Your job is to print, exactly, the lines in the data below from the line with "Lillithe Ragnarok Online" through the line with "Yu-Gi-Oh! Black Rose", both included, and to omit any picture.

▸ Dataset content:
= Beginning of Section =
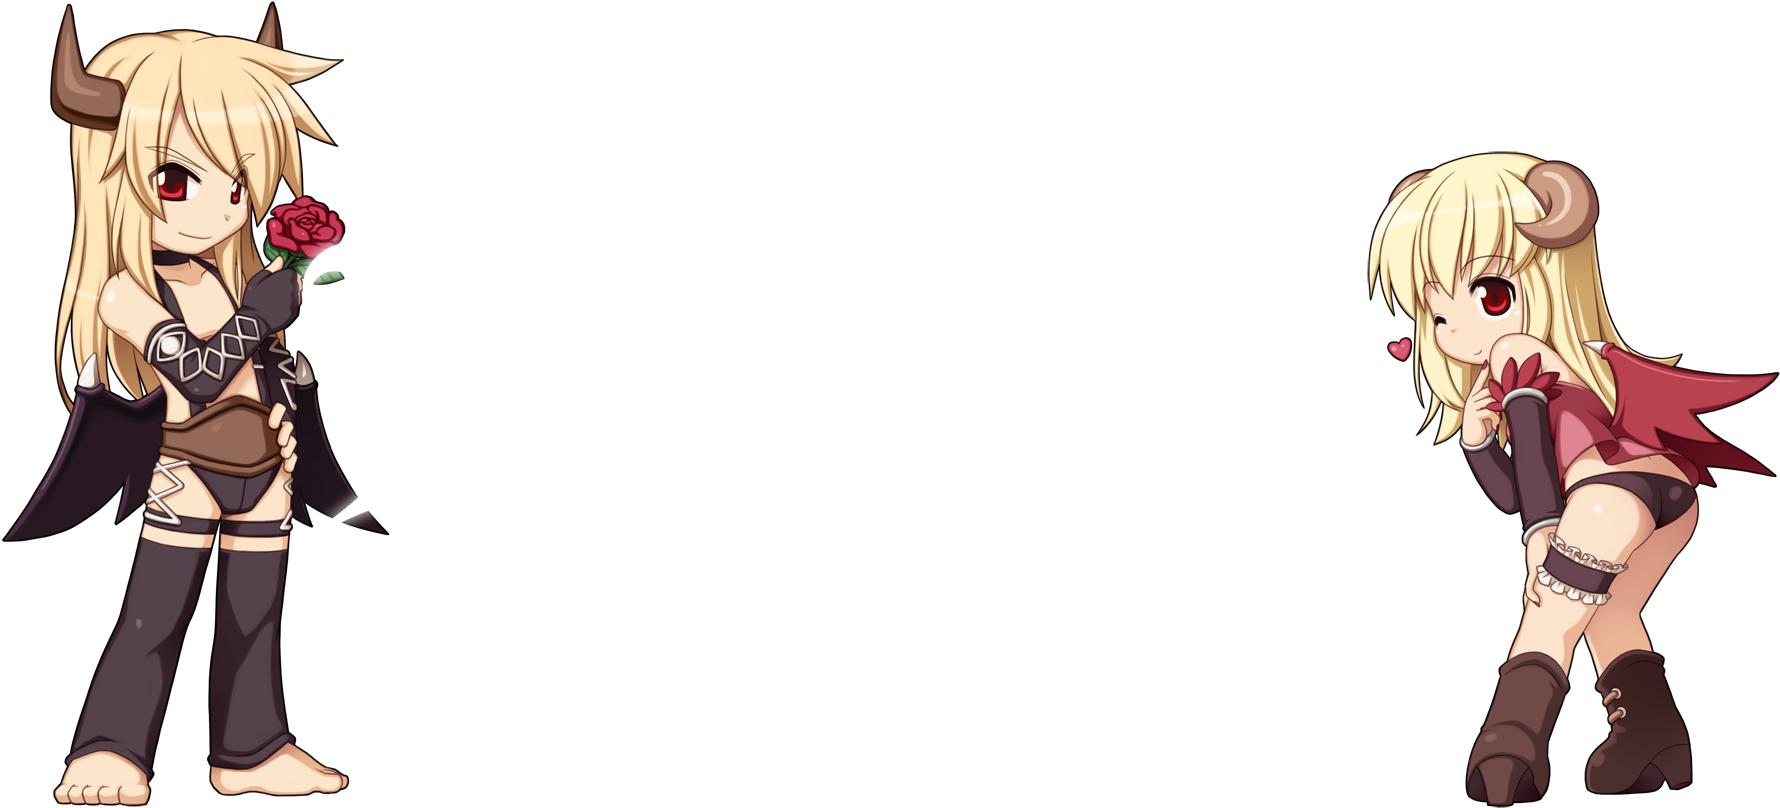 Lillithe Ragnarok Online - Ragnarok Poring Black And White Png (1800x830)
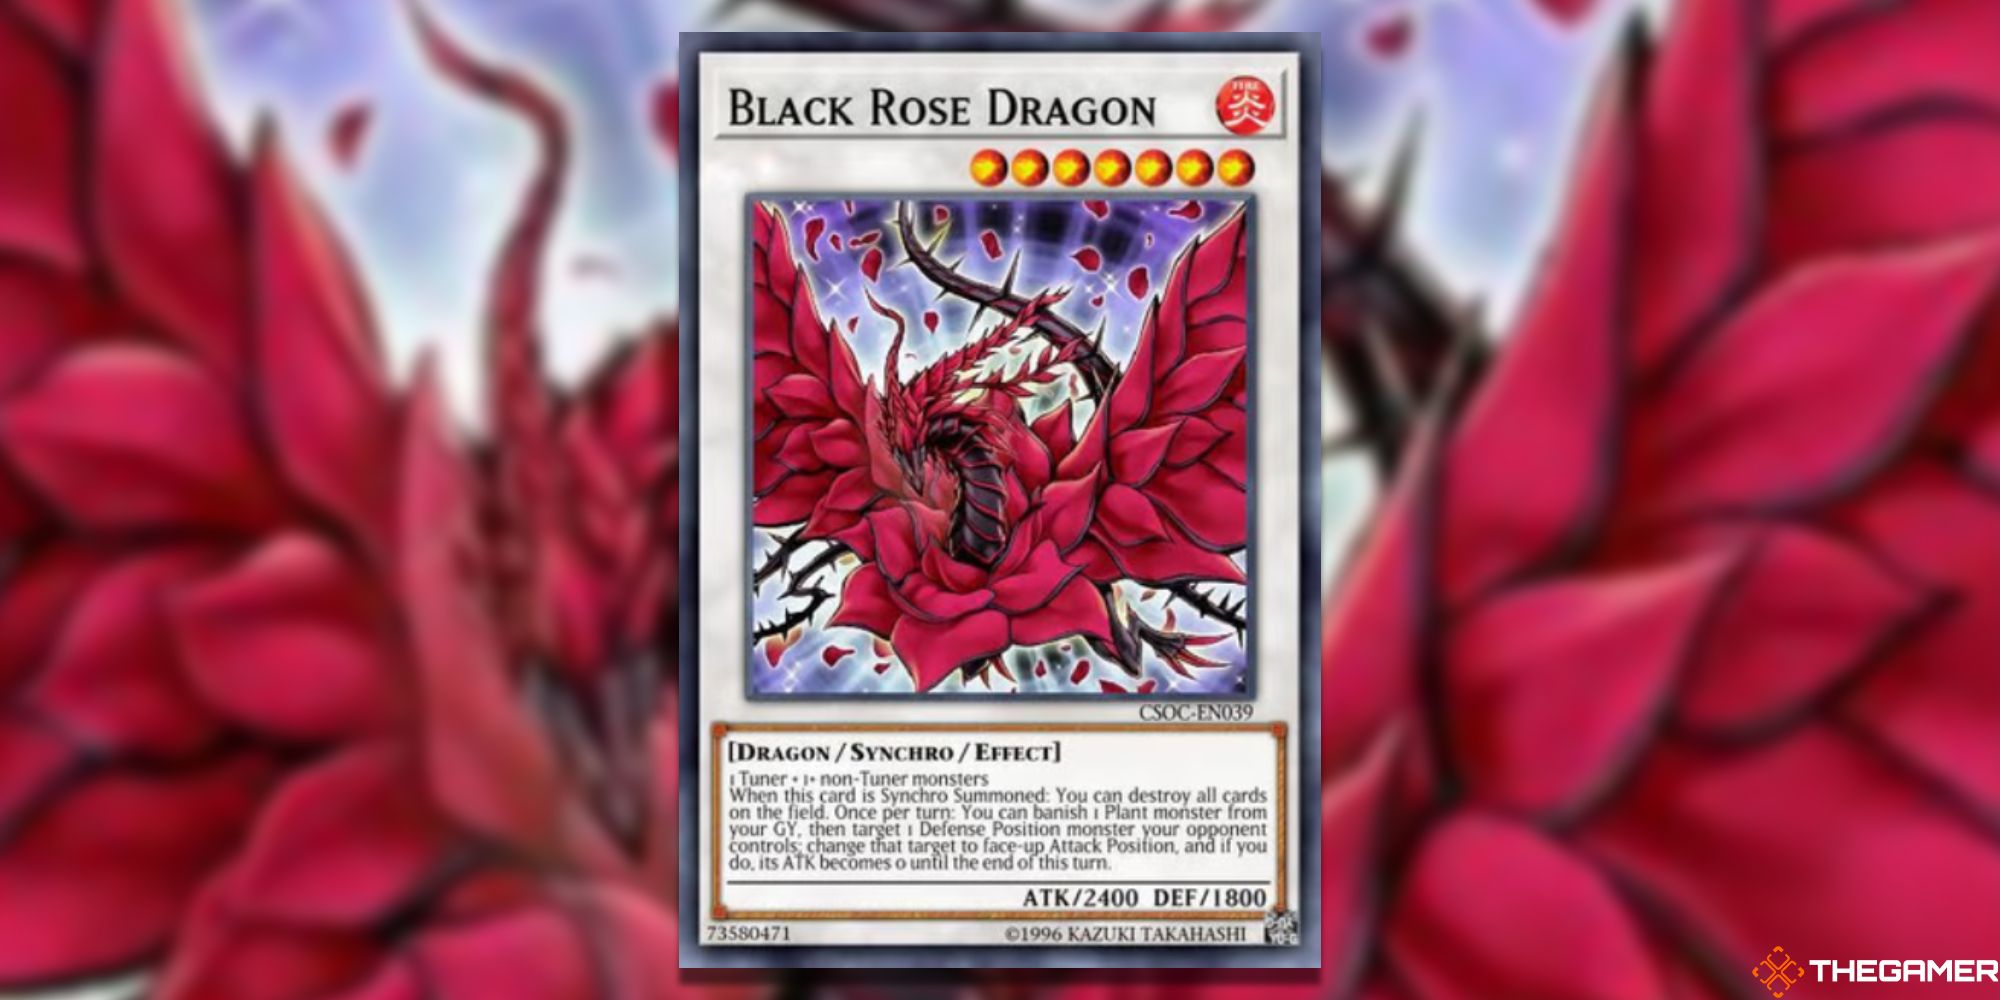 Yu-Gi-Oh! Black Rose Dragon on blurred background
= End of Section =
= Beginning of Section =
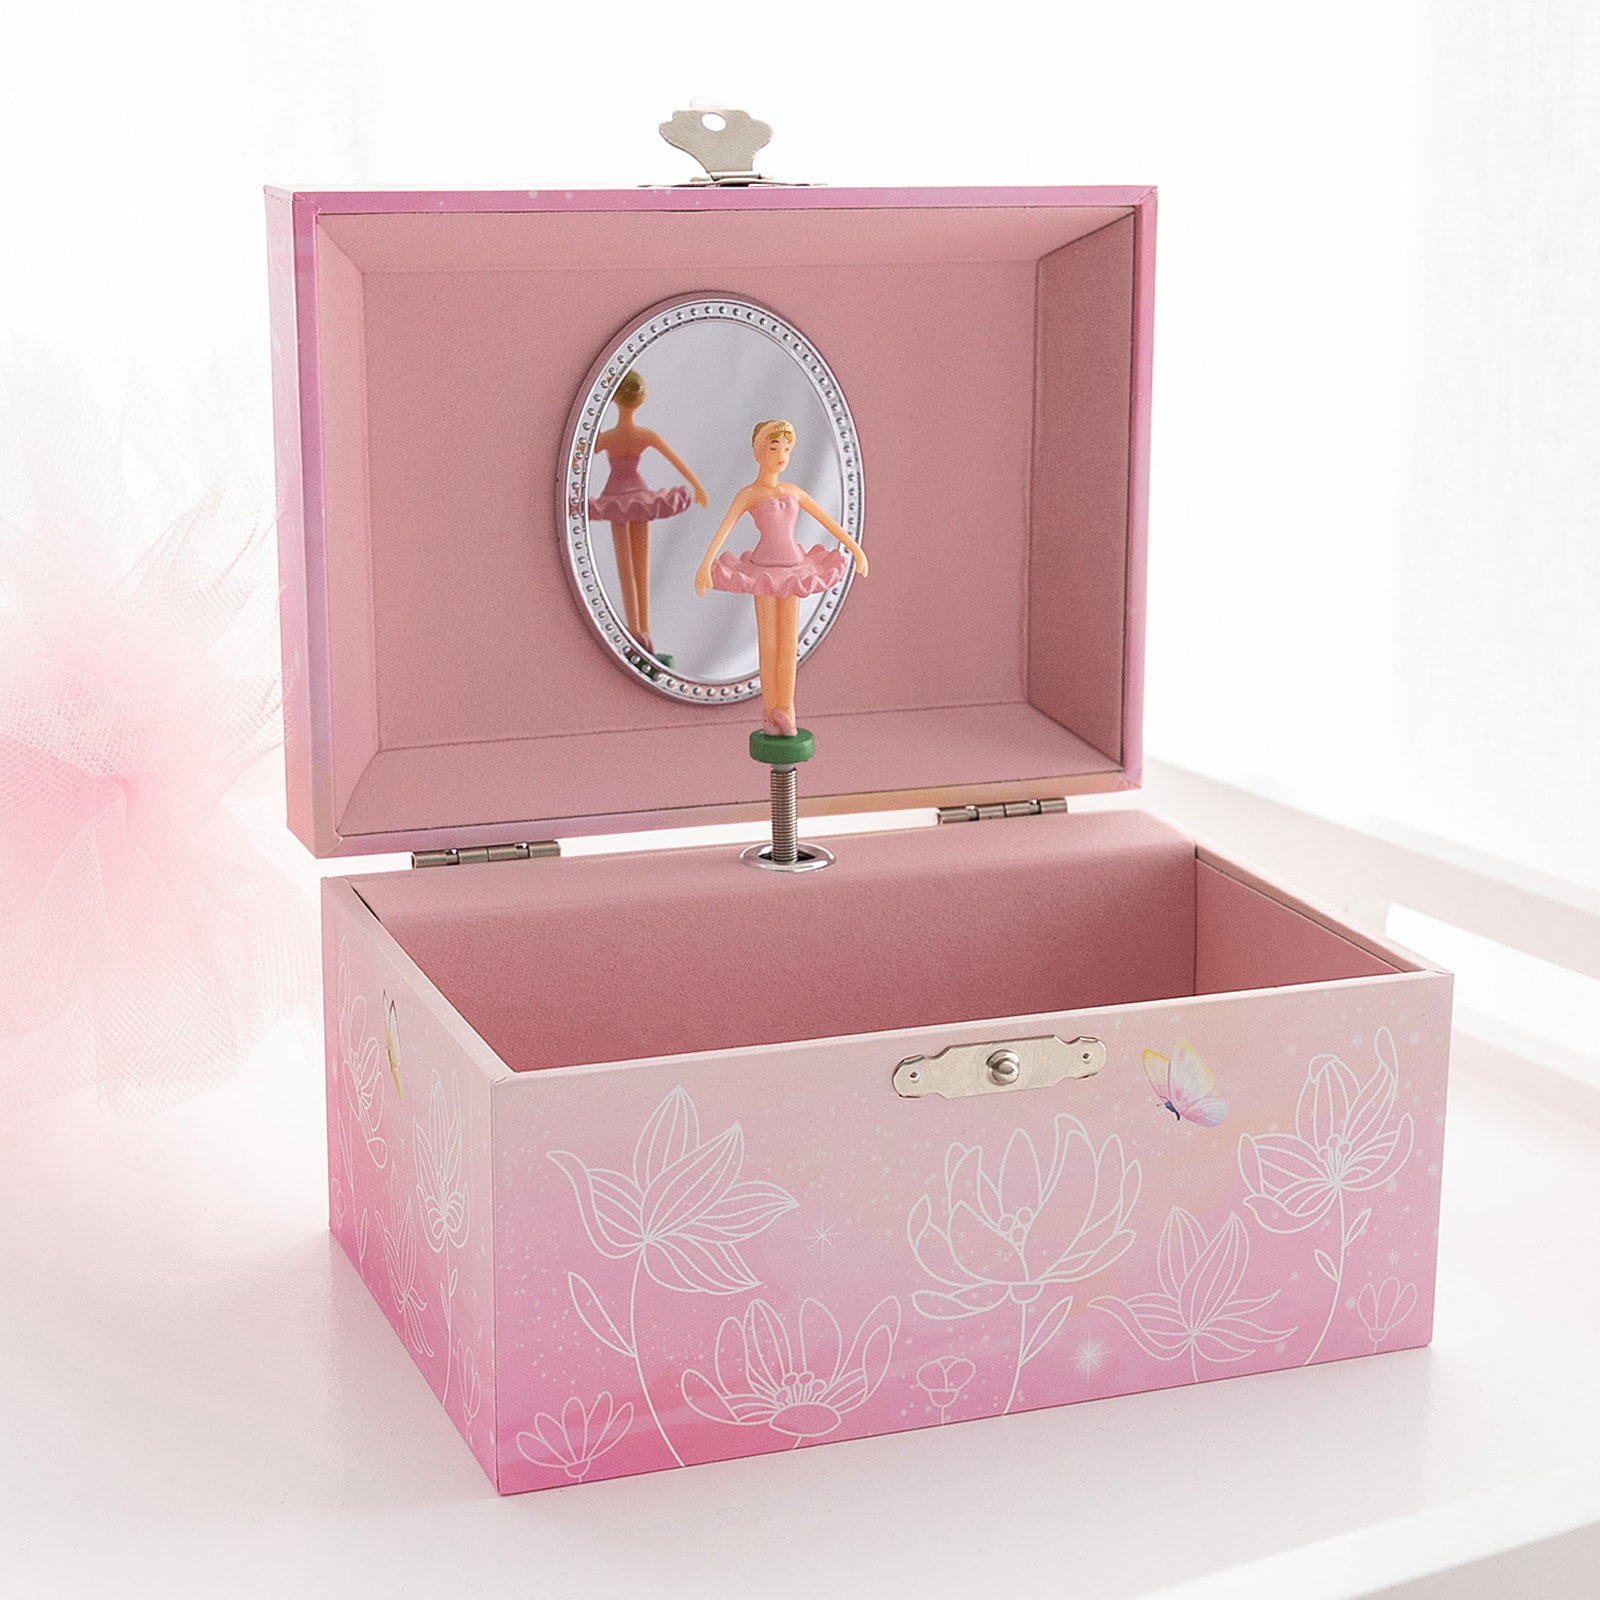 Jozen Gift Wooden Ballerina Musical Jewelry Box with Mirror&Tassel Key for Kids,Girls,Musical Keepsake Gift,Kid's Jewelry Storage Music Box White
= End of Section =
= Beginning of Section =
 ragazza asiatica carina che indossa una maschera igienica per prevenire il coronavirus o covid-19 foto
= End of Section =
▸ Answer below:
 Lillithe Ragnarok Online - Ragnarok Poring Black And White Png (1800x830)
 Yu-Gi-Oh! Black Rose Dragon on blurred background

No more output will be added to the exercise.